American endocrinologist scientist

Stanley Andrisse (born September 8, 1983) is an American endocrinologist scientist and writer.

He is a tenured associate professor at the Howard University College of Medicine and Georgetown Medical Center. His research considers Type 2 diabetes, the pathways of insulin resistant states, and metabolic disease.

He is the author of From Prison Cells to PhD: It is Never Too Late to Do Good, and director of an outreach program that supports formerly incarcerated people into college education.

== Early life and education ==
Andrisse was born to Haitian immigrants Pierre Frederic William Andrisse and Yorvoll Joseph in Missouri. Andrisse has three siblings. Andrisse attended Rosary High School (now part of Trinity Catholic High School (Missouri)). While there, Andrisse earned an A-grade average in both the 1998-99 and 1999-00 academic years and played on the high school's football team as a running back.

Andrisse has said that he made poor decisions as a young person, and he was first arrested at the age of 14. By his early twenties he had been sentenced to ten years in maximum security penitentiary. During his time in prison he was part of a drug rehabilitation program.

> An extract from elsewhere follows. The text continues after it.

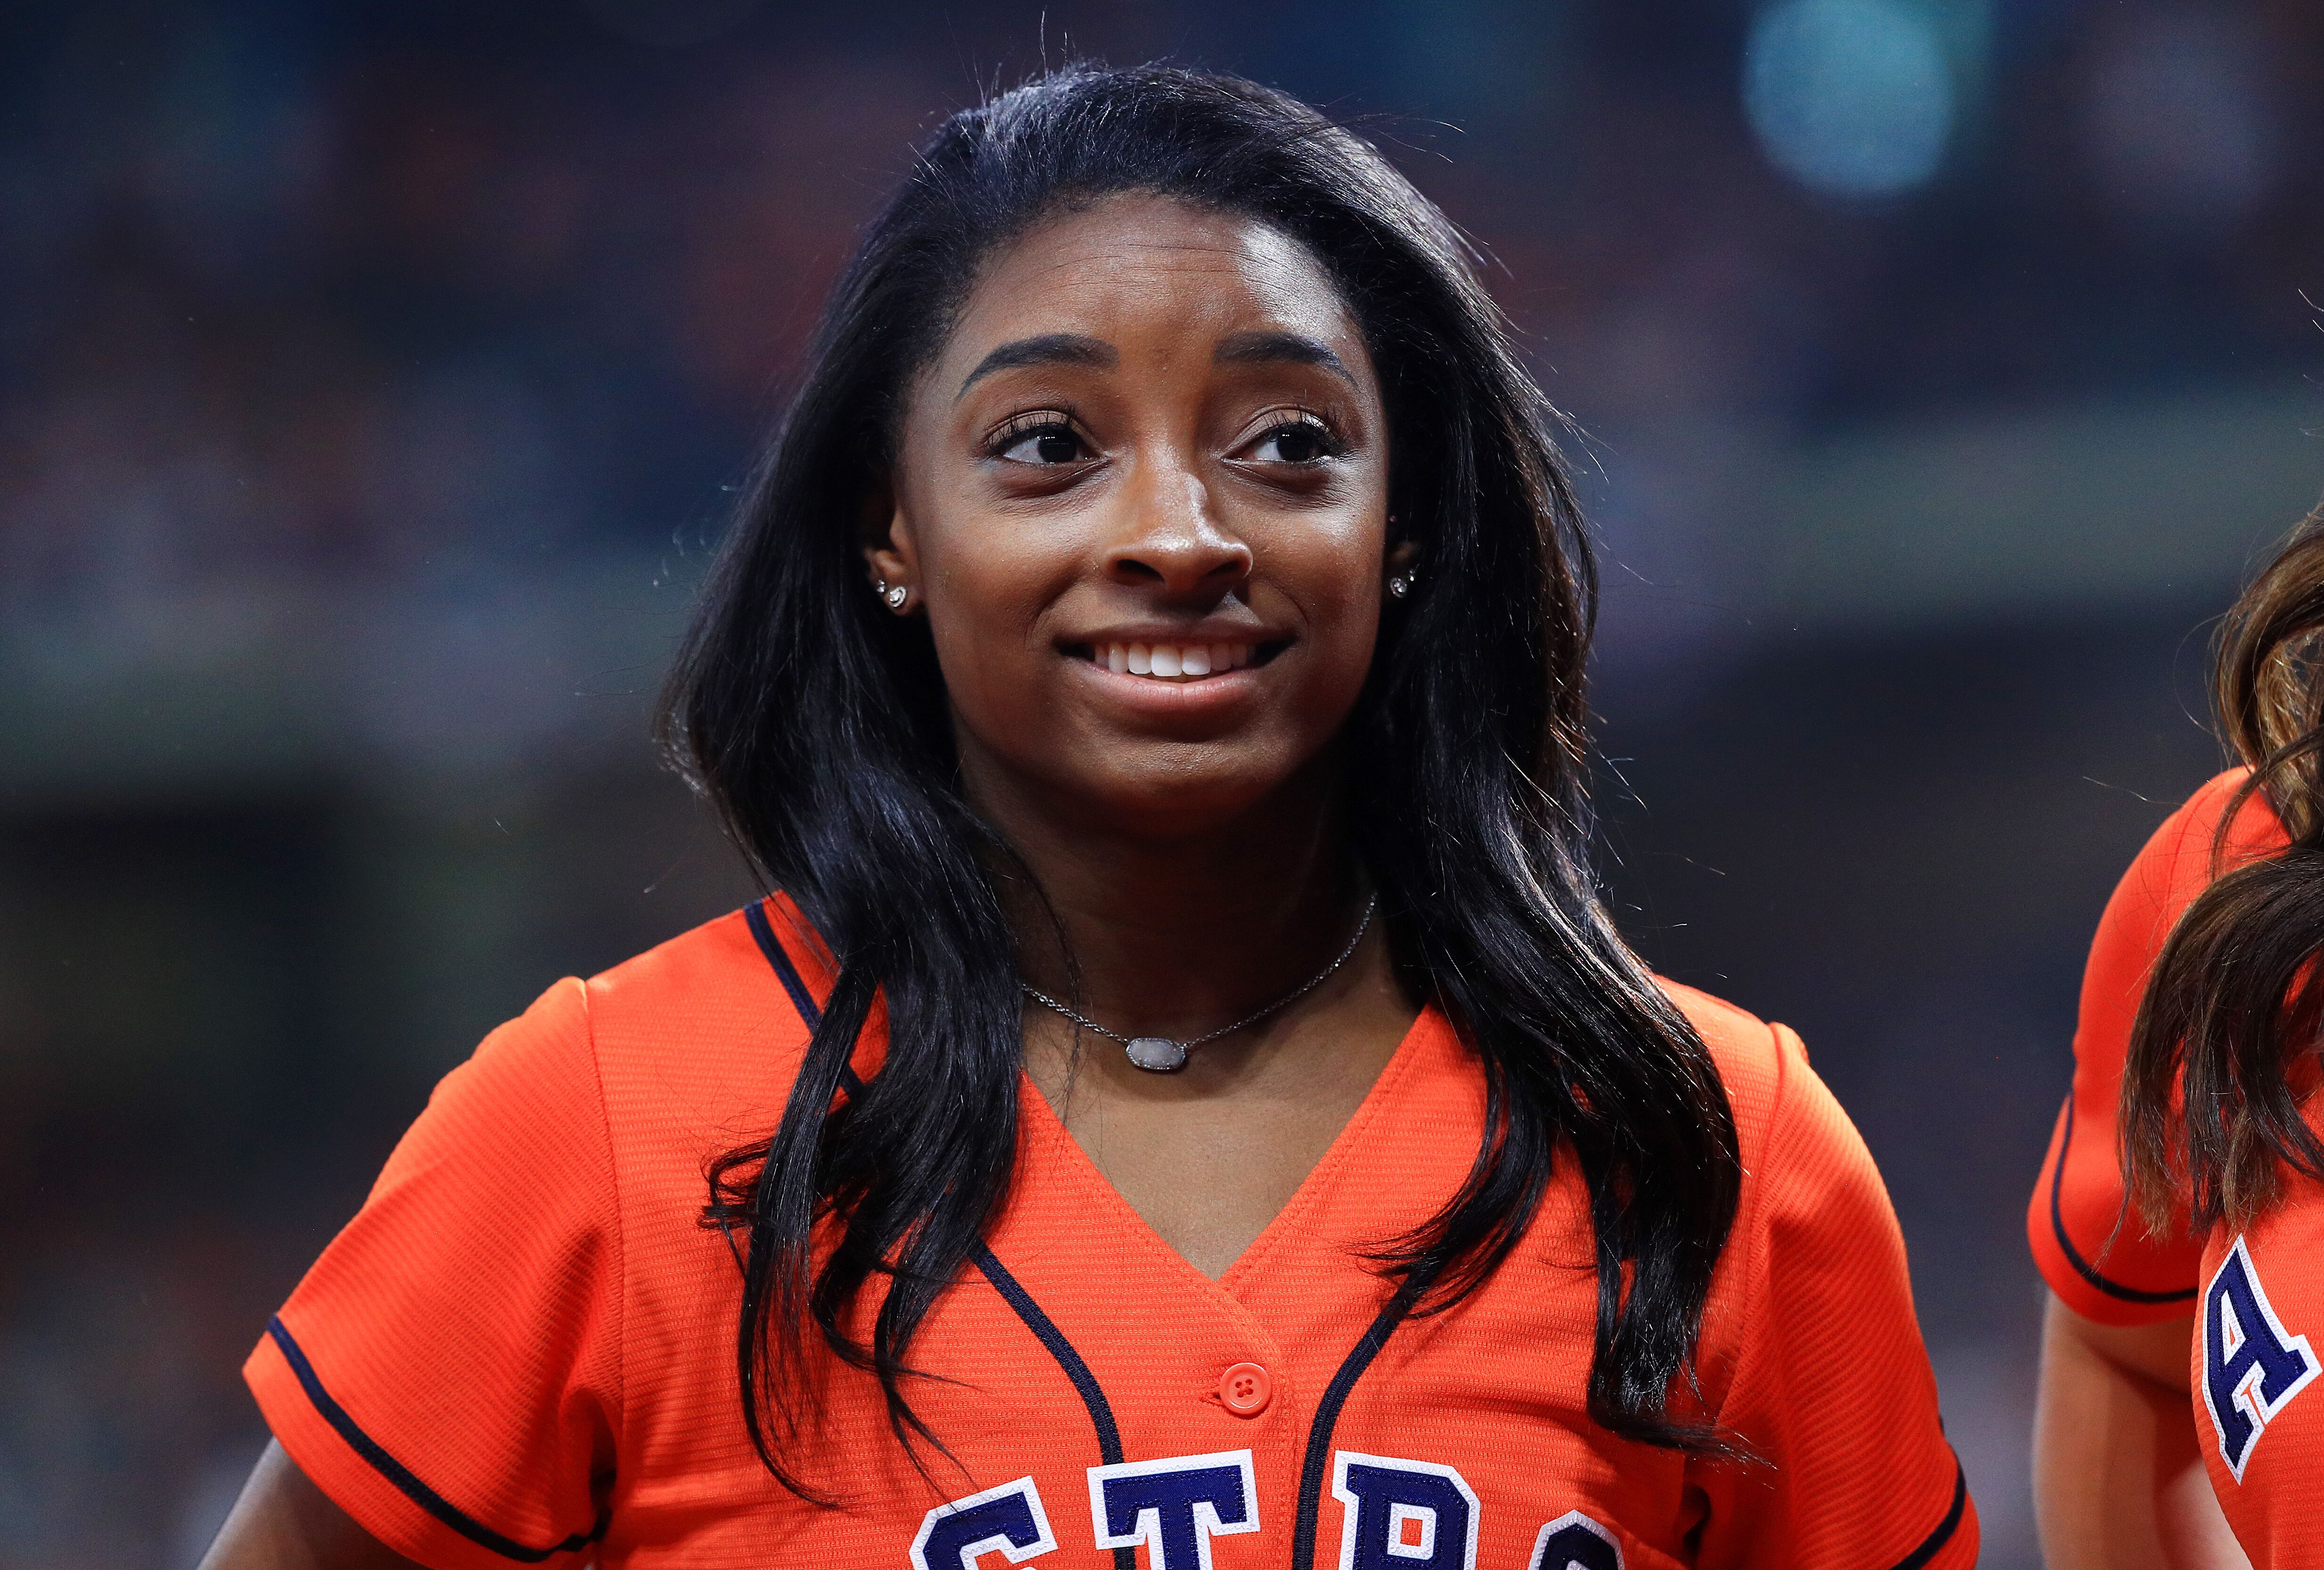 Simone Biles at Game 2 of the 2019 World Series between the Houston Astros and the Washington Nationals on October 23, 2019. | Source: Getty Images

Andrisse was an undergraduate student at Lindenwood University. He remained at Lindenwood for graduate studies, where he worked toward a Master of Business Administration. He was accepted to a doctoral program at Saint Louis University, and completed his PhD in 2014.

== Research and career ==
After earning his doctorate he was appointed a postdoctoral fellow at Johns Hopkins University.

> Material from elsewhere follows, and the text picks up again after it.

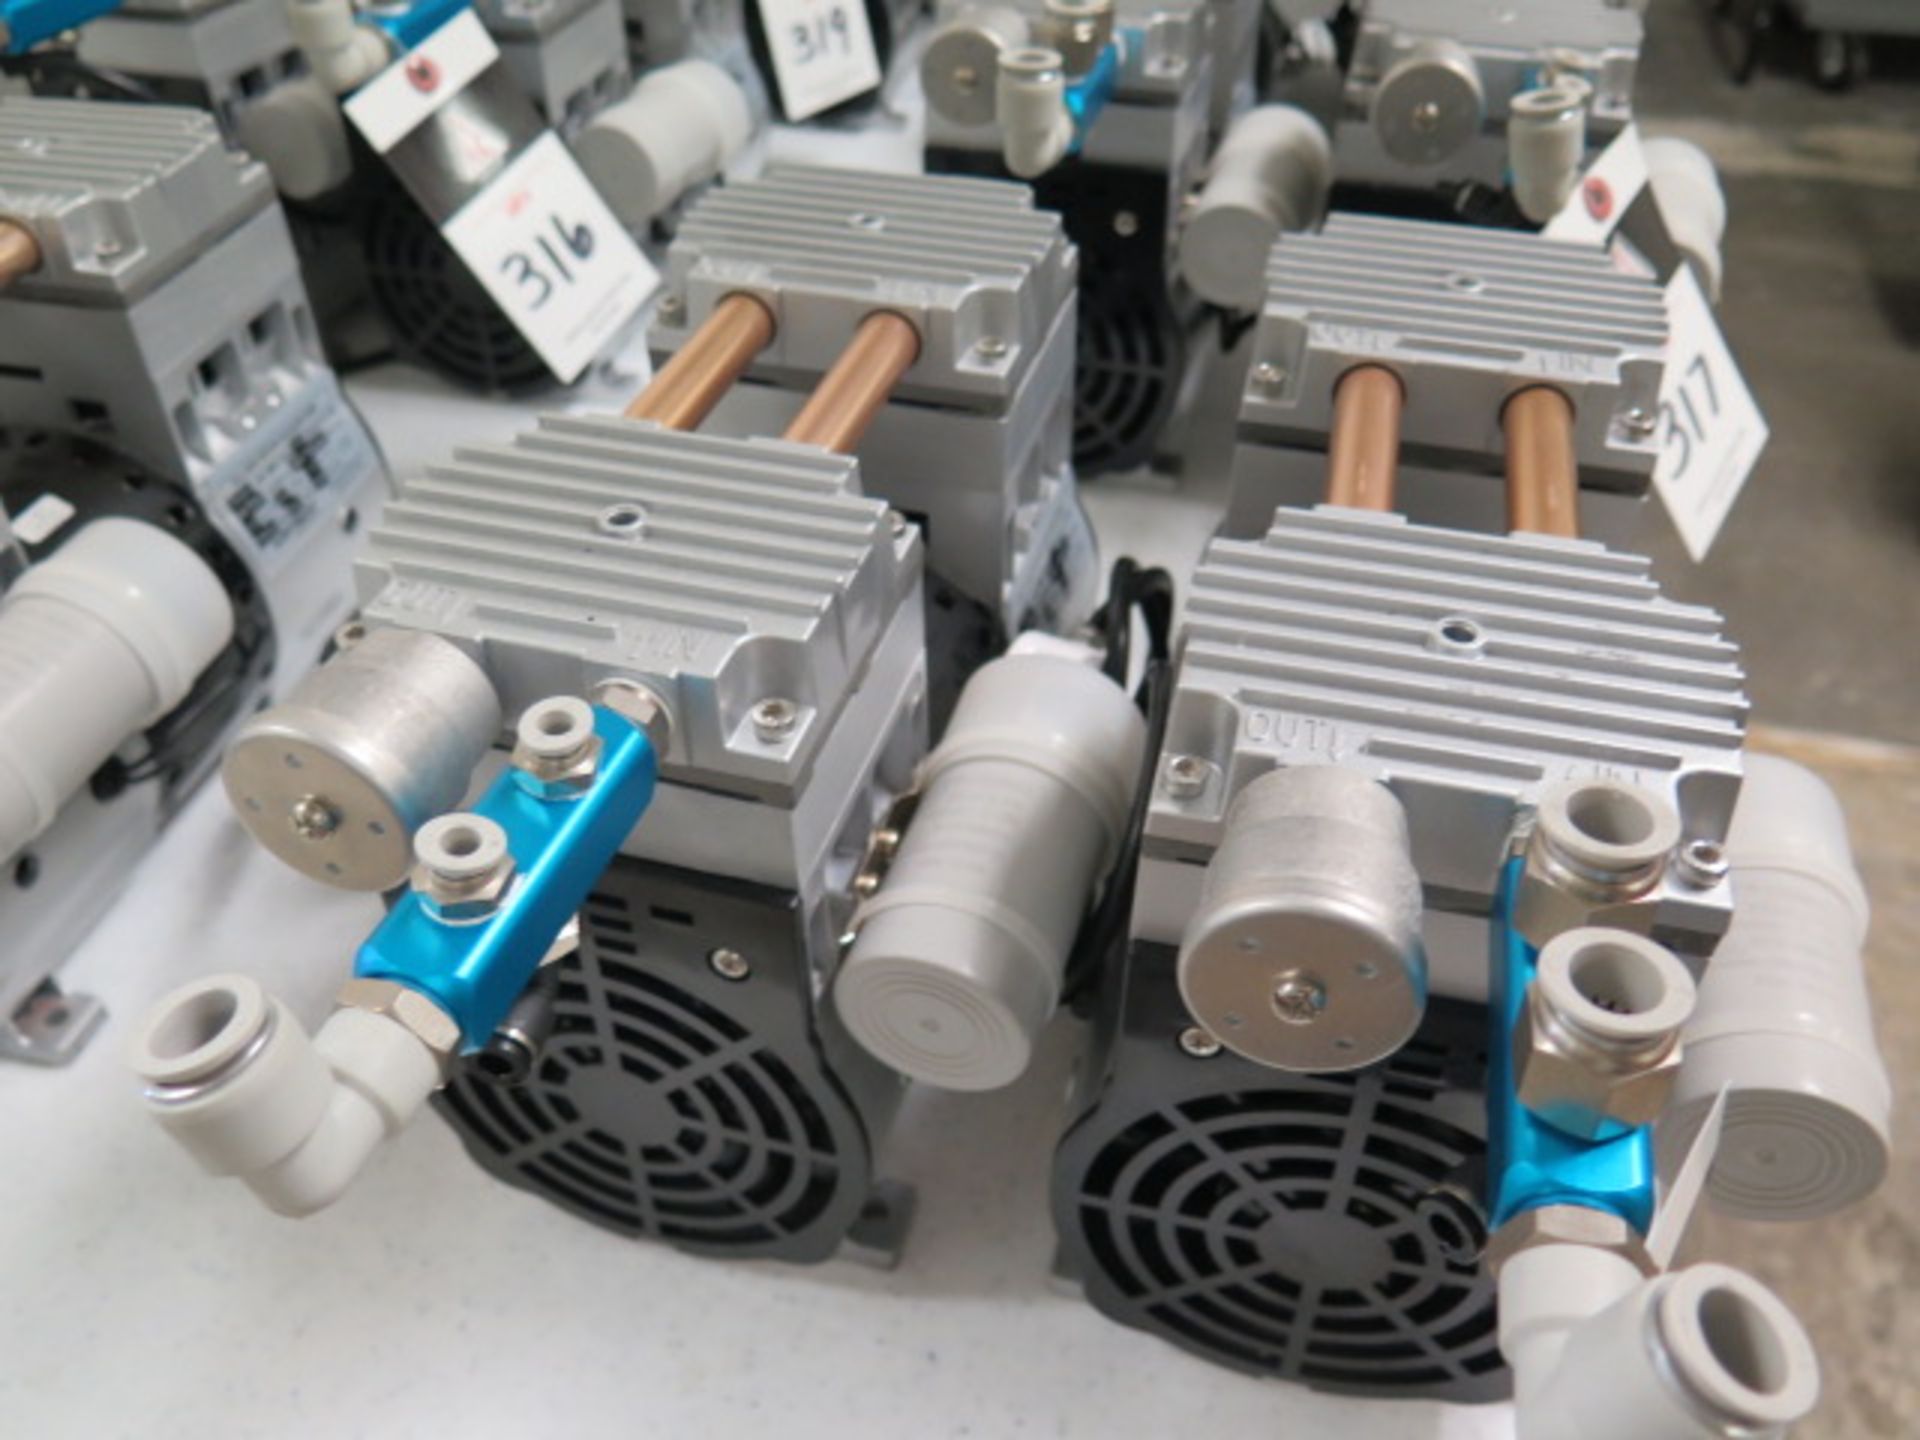 Airtech HP-200V 80 torr Vacuum Pumps (2) 200-240V (SOLD AS-IS - NO WARRANTY) - Image 4 of 7

Andrisse is an endocrinologist at Howard University College of Medicine, where he studies type 2 diabetes and insulin resistance.

In 2017, Andrisse was named a Leading with Conviction Fellow by JustLeadershipUSA. In this capacity, he works to reduce the prison population by 50% by 2030. Andrisse's first book, From Prison Cells to PhD: It is Never Too Late to Do Good, was published by Simon & Schuster in 2021. He established a nonprofit program to provide mentoring to current and former incarcerated people so that they can start building their careers after leaving prison.

== Books ==

- Andrisse, Stanley. "From Prison Cells to PhD: It Is Never Too Late to Do Good"

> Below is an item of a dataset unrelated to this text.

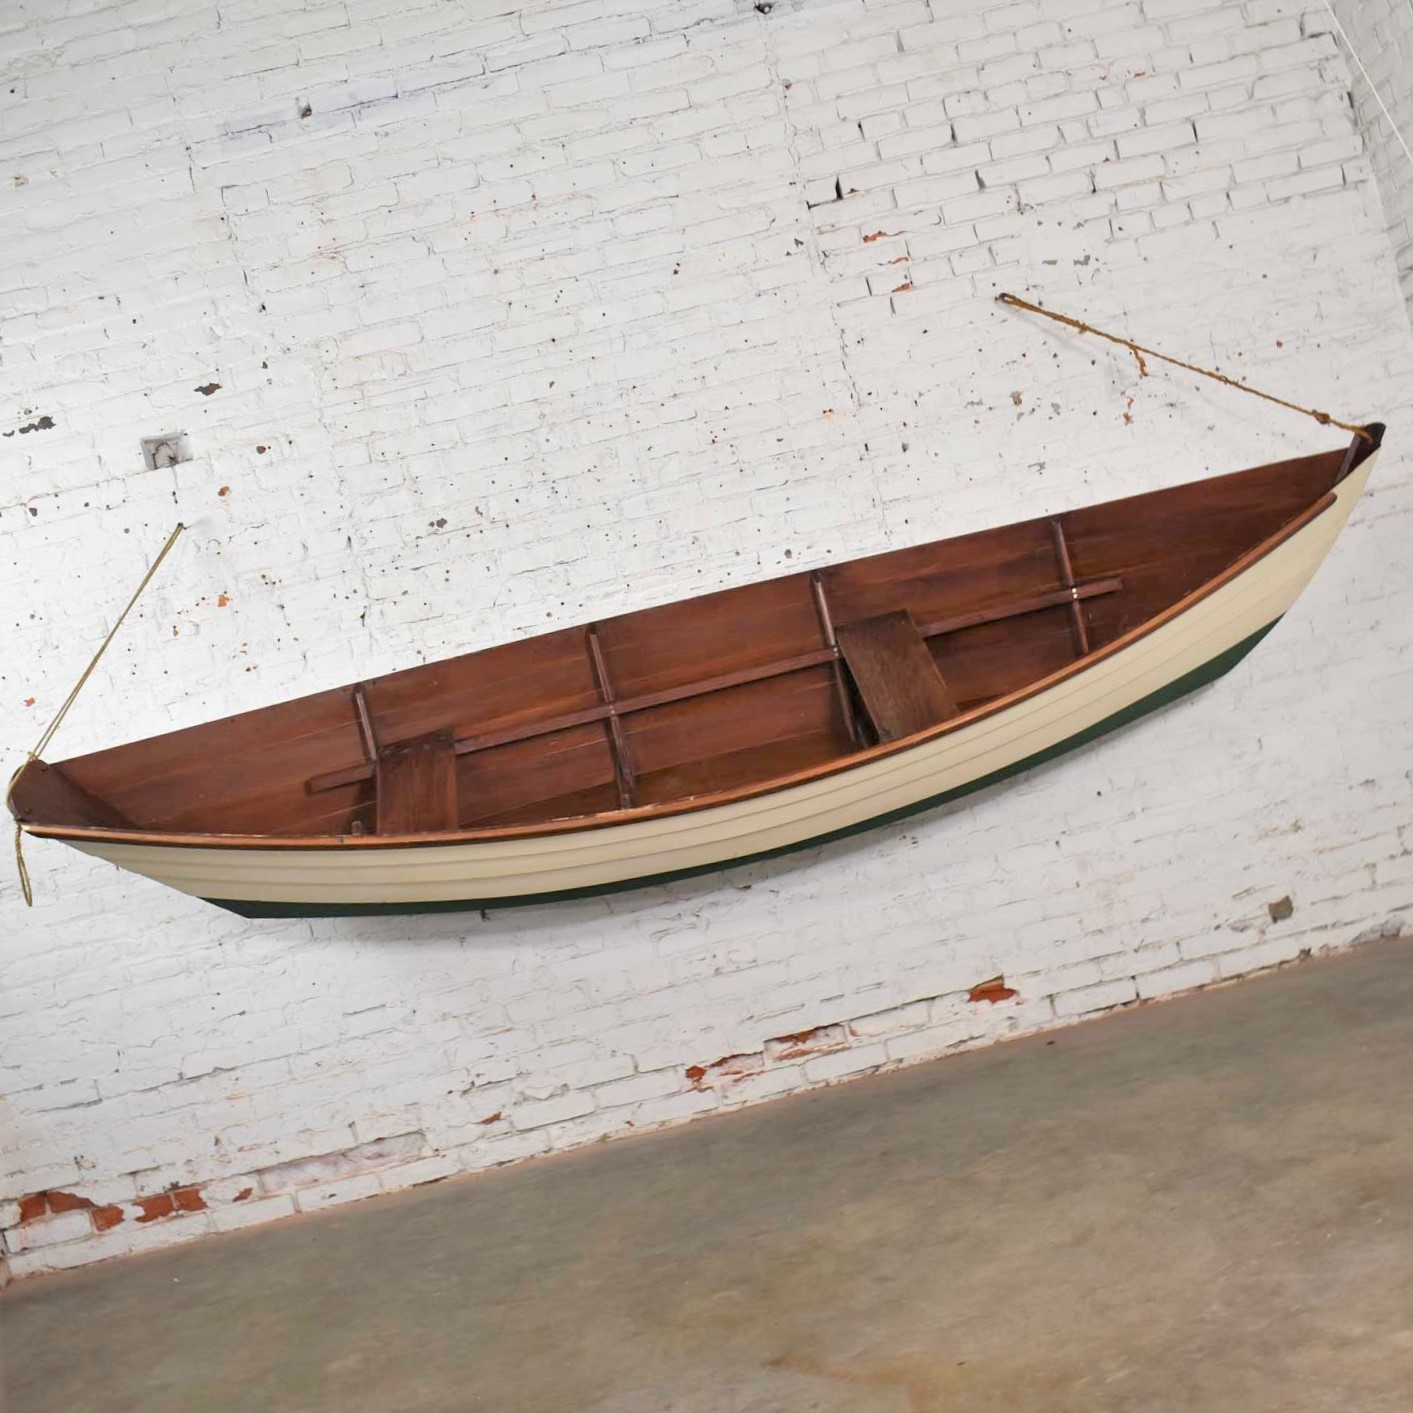 Vintage Wooden Rowboat for Maritime or Nautical Décor

== Selected publications ==
- Yaping Ma (2016). "Androgen Receptor in the Ovary Theca Cells Plays a Critical Role in Androgen-Induced Reproductive Dysfunction"
- Stanley Andrisse (2014). "Role of GLUT1 in regulation of reactive oxygen species"
- Stanley Andrisse (2013). "ATM and GLUT1-S490 phosphorylation regulate GLUT1 mediated transport in skeletal muscle"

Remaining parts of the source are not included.